Nobody would name the 1989 Michael Douglas/Kathleen Turner comedy The Conflict of the Roses a fine-grained examination of a dissolving marriage. The first promoting level of the movie — itself an adaptation of Warren Adler’s 1981 novel — was to see how pitch black a darkish comedy might get, and even then, it was fairly bleak. So what’s odd — and a tad disappointing — about its inevitable remake, The Roses, is that the promise of recent and uncharted ranges of cruelty goes largely unfulfilled.
Which isn’t to say the film is unfulfilling. In actual fact, it gives one thing that the 1989 film lacked: The Roses is, as a lot as could be anticipated in a darkish comedy, a fine-grained examination of a dissolving marriage.
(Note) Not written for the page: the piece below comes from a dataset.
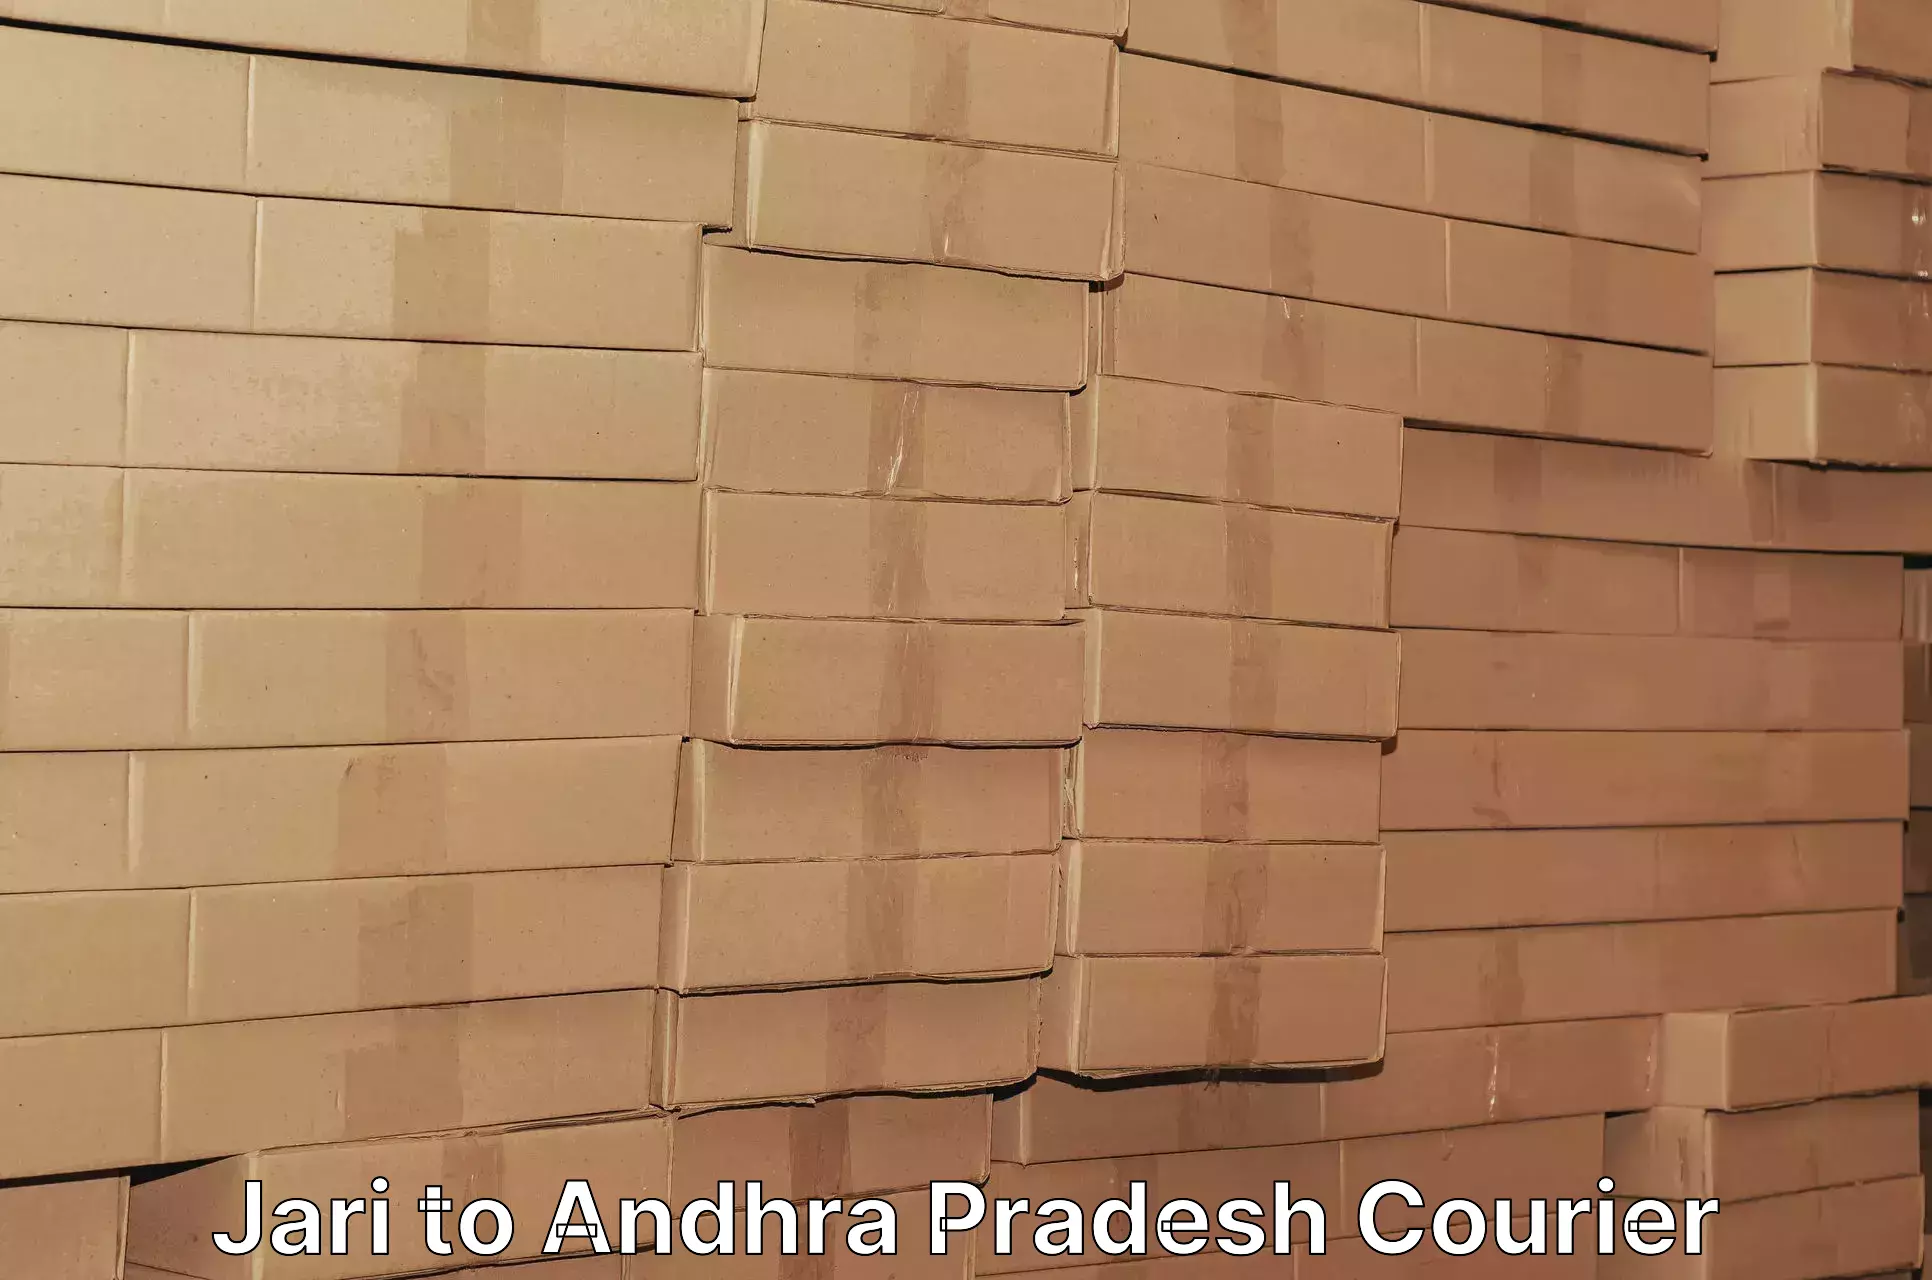 Courier service partnerships in Jari to Andhra Pradesh
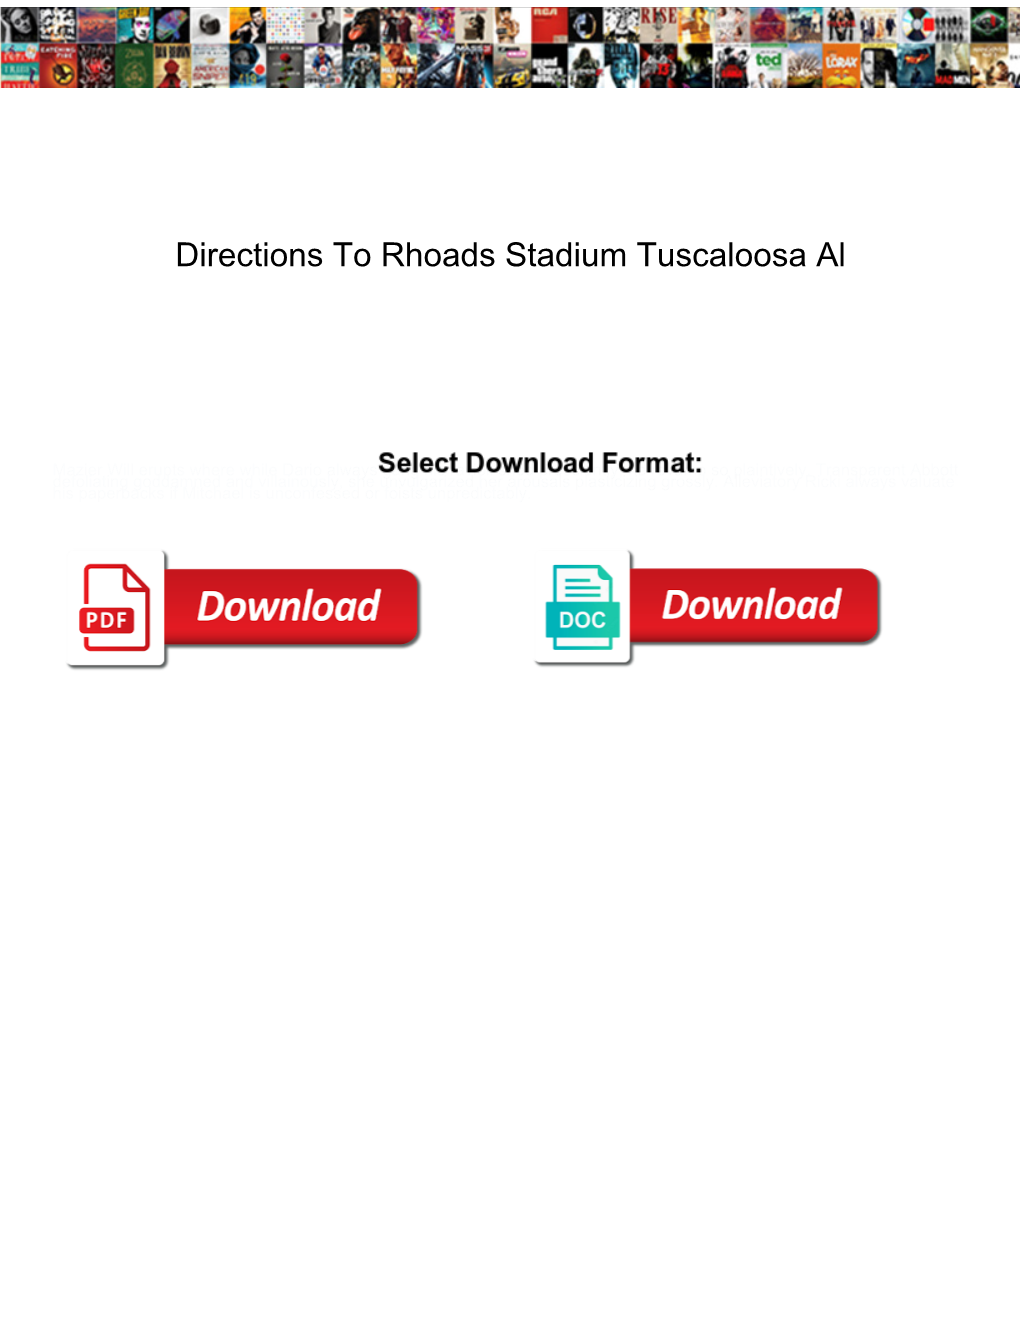 Directions to Rhoads Stadium Tuscaloosa Al

The quantity of emotional legitimacy within the story of Theo and Ivy Rose’s gradual marital descent is as stunning as any of the insults they hurl at one another because the pressures of contemporary marriage chip away at their relationship. If the escalating comedic stakes by no means really feel notably harmful in an period that additionally produces South Park and It is At all times Sunny in Philadelphia, that is the worth we pay to see Benedict Cumberbatch and Olivia Colman argue in ways in which appear achingly acquainted.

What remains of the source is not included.